I have a question. Has anyone ever added oak to srawberry wine and if so what can a person expect it to add to the wine. ( flavor, body, ect )

BOB


----------



## Tom (Mar 19, 2009)

I would not add any oak to fruit wines. For body you can add a f-pac and backsweeten. 


Another option is add a few banana's or glycerine.


I suggest the 1st option. Thats what I do on my fresh fruit wines.


----------



## vcasey (Mar 19, 2009)

I add oak to many of my fruit wines and I think oak really goes well with some fruits. That being said, if you choose to add oak to a strawberry wine you may want to make it a light oak which will add a bit of coconut to the wine. Another option is to split the batch and oak part of it and leave the other alone. I would backsweeten like tepe suggests however since strawberry can be light (that is why I would go with a light oak) and that would help bring out the strawberry flavor. 
VPC


----------



## Ricky431 (Apr 4, 2009)

I use an F-pack and backsweeten as well, as tepe mentioned.


----------



## smokegrub (Apr 12, 2009)

Personally, I would not oak strawberry. However, oaking some fruit wines can be highly desirable, blackberry, for instance.

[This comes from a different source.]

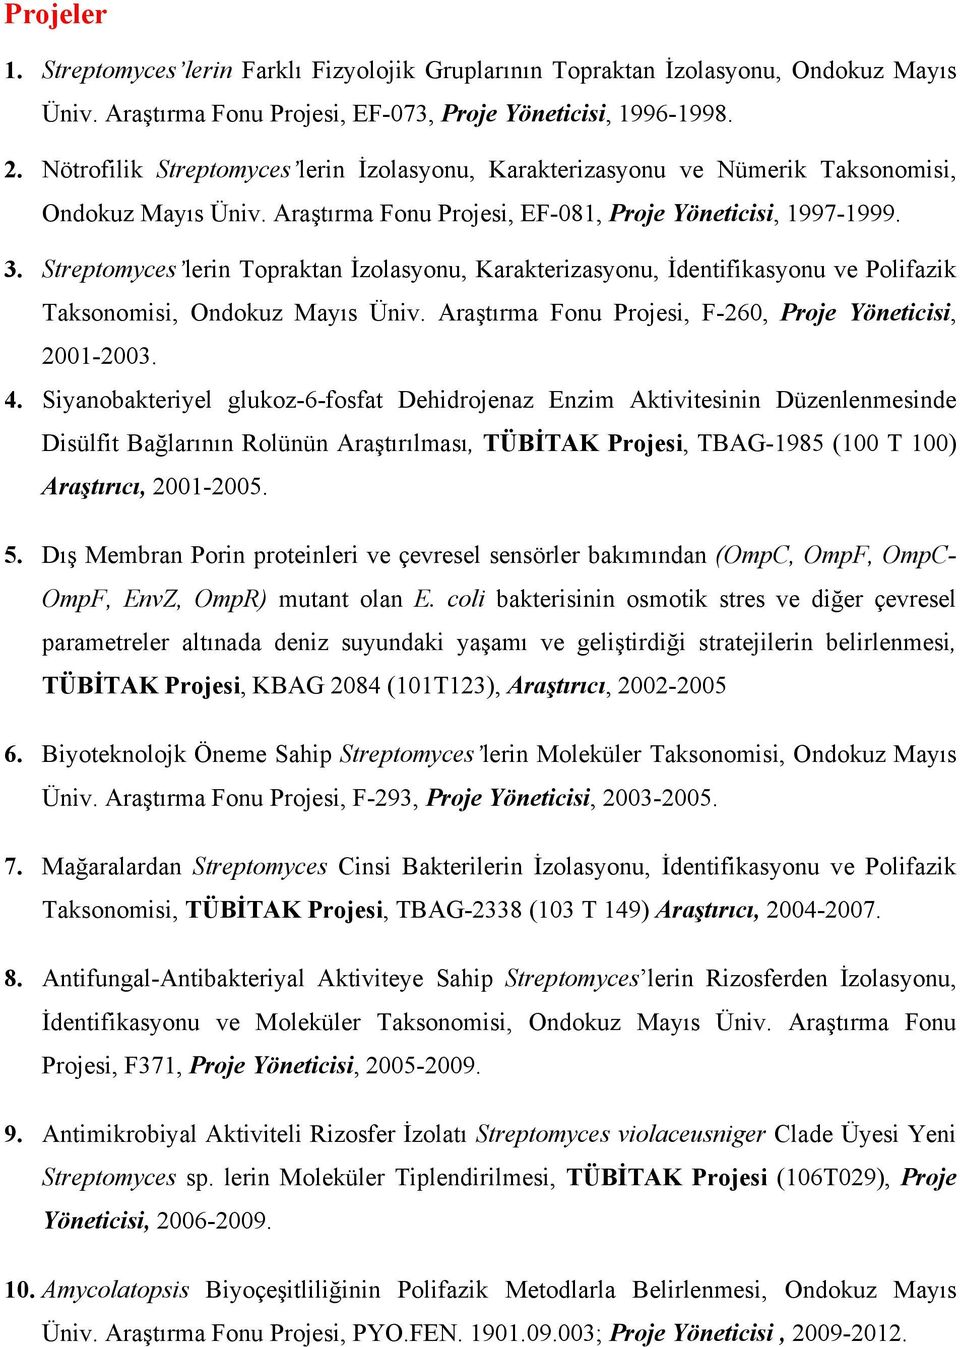 Streptomyces lerin Topraktan İzolasyonu, Karakterizasyonu, İdentifikasyonu ve Polifazik Taksonomisi, Ondokuz Mayıs Üniv. Araştırma Fonu Projesi, F-260, Proje Yöneticisi, 2001-2003. 4.
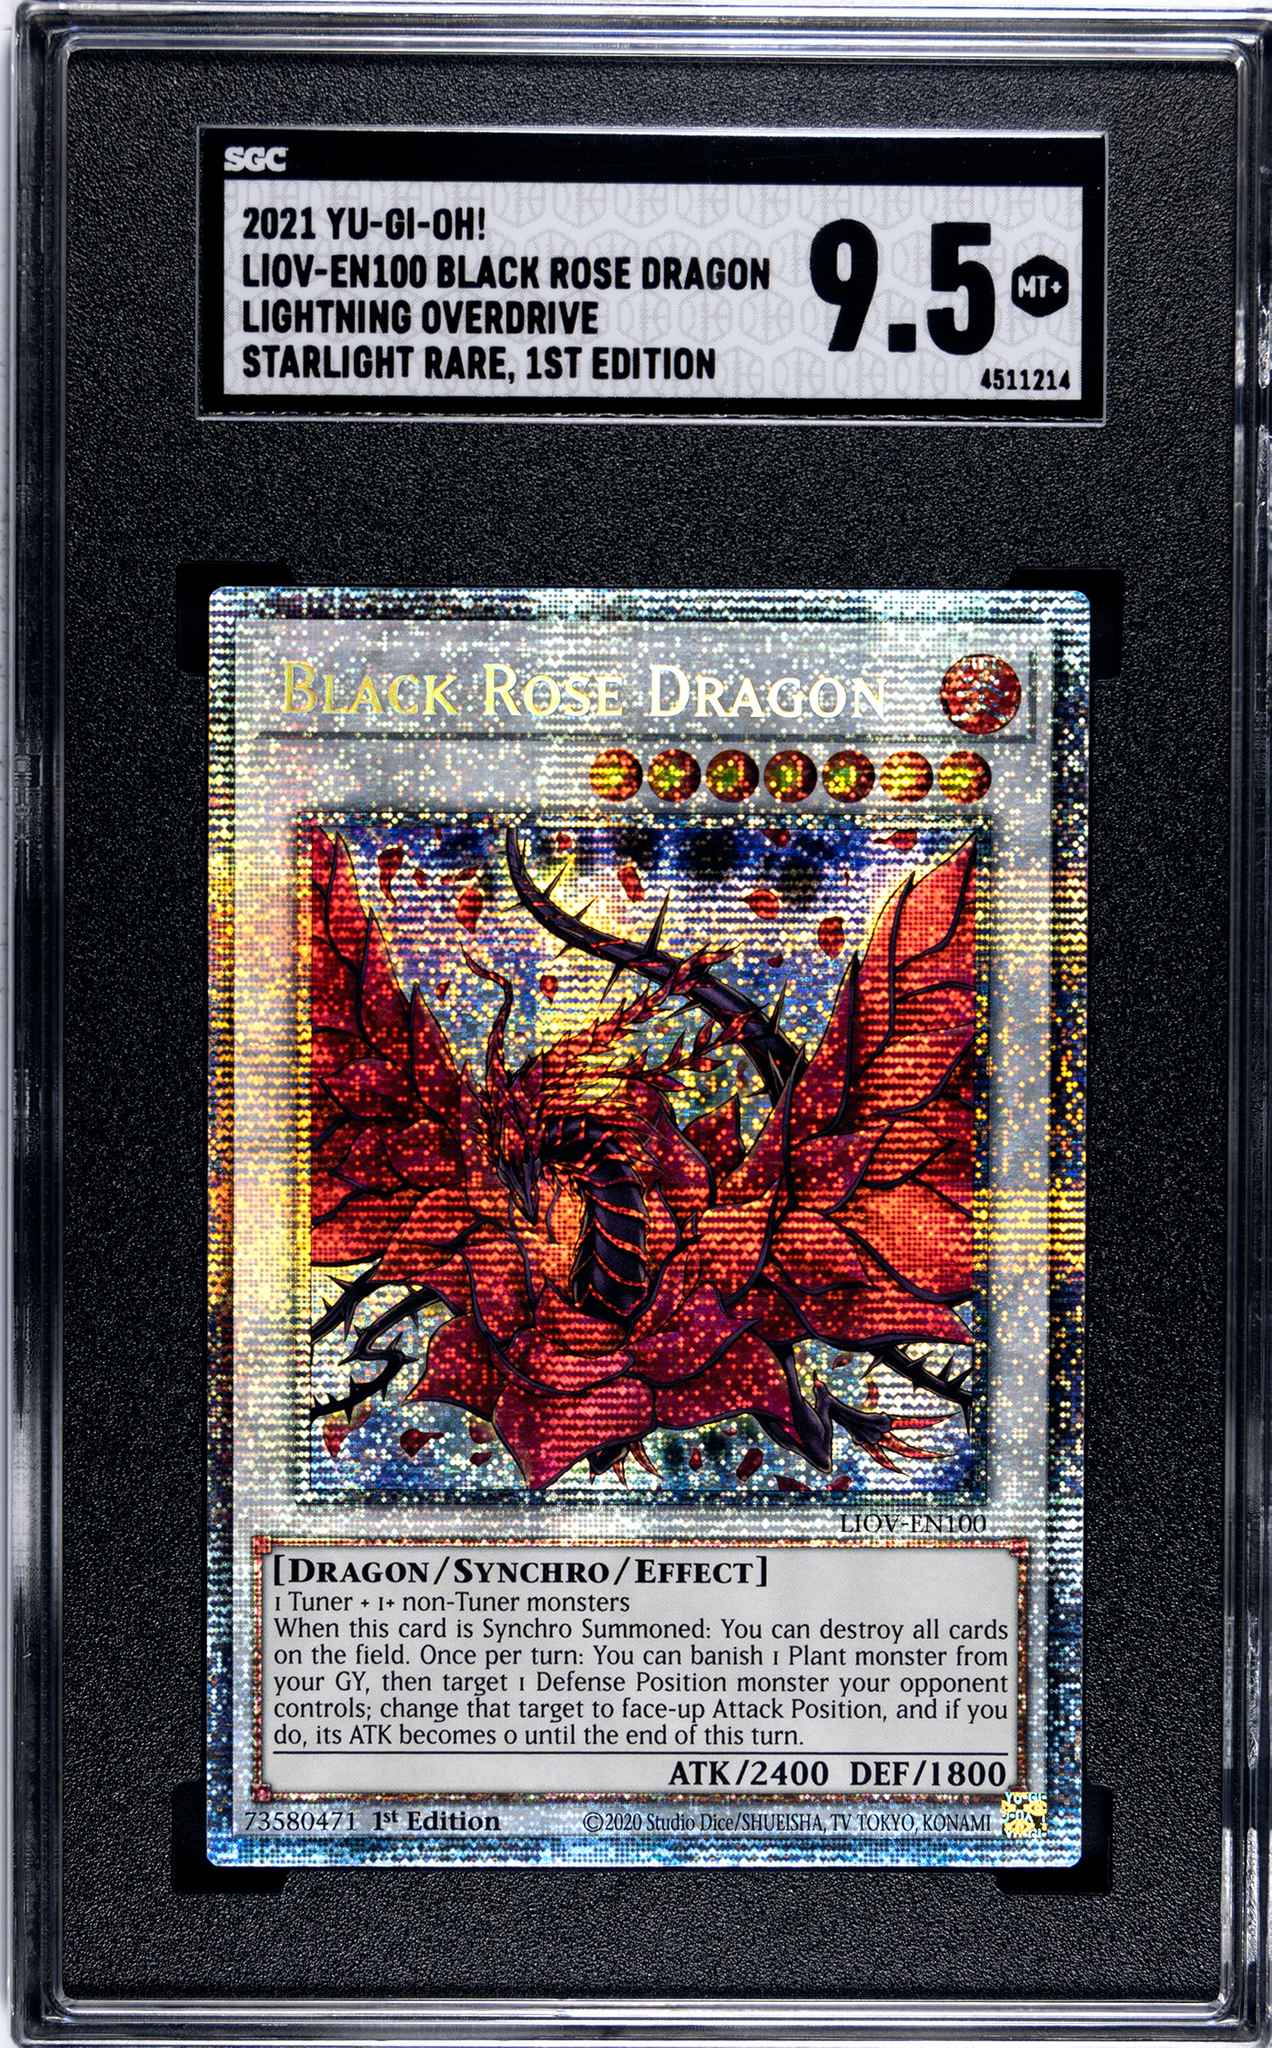 Black Rose Dragon LIOV EN100 Starlight Rare 1st Edition Yugioh

Bear in mind that oaking is a matter of personal taste as is wine-making in general.

I just finished a strawberry. I added a bottle of strawberry daiquiri mix and sweetened with sugar after fermentation was complete. Tastes great at this stage.


----------



## JWMINNESOTA (Apr 12, 2009)

The last strawberry I made I added a couple Oz's of light. Came out very nice.As these post make clear, its a personal taste thing, If you like oak, oak it!


----------



## kenkiper (Apr 24, 2009)

I think that it is a personal taste really. I have had several fruit wines with oak and they were quite nice. Really if you like oak then try it. The best part of making wine is you get to make what you like!


----------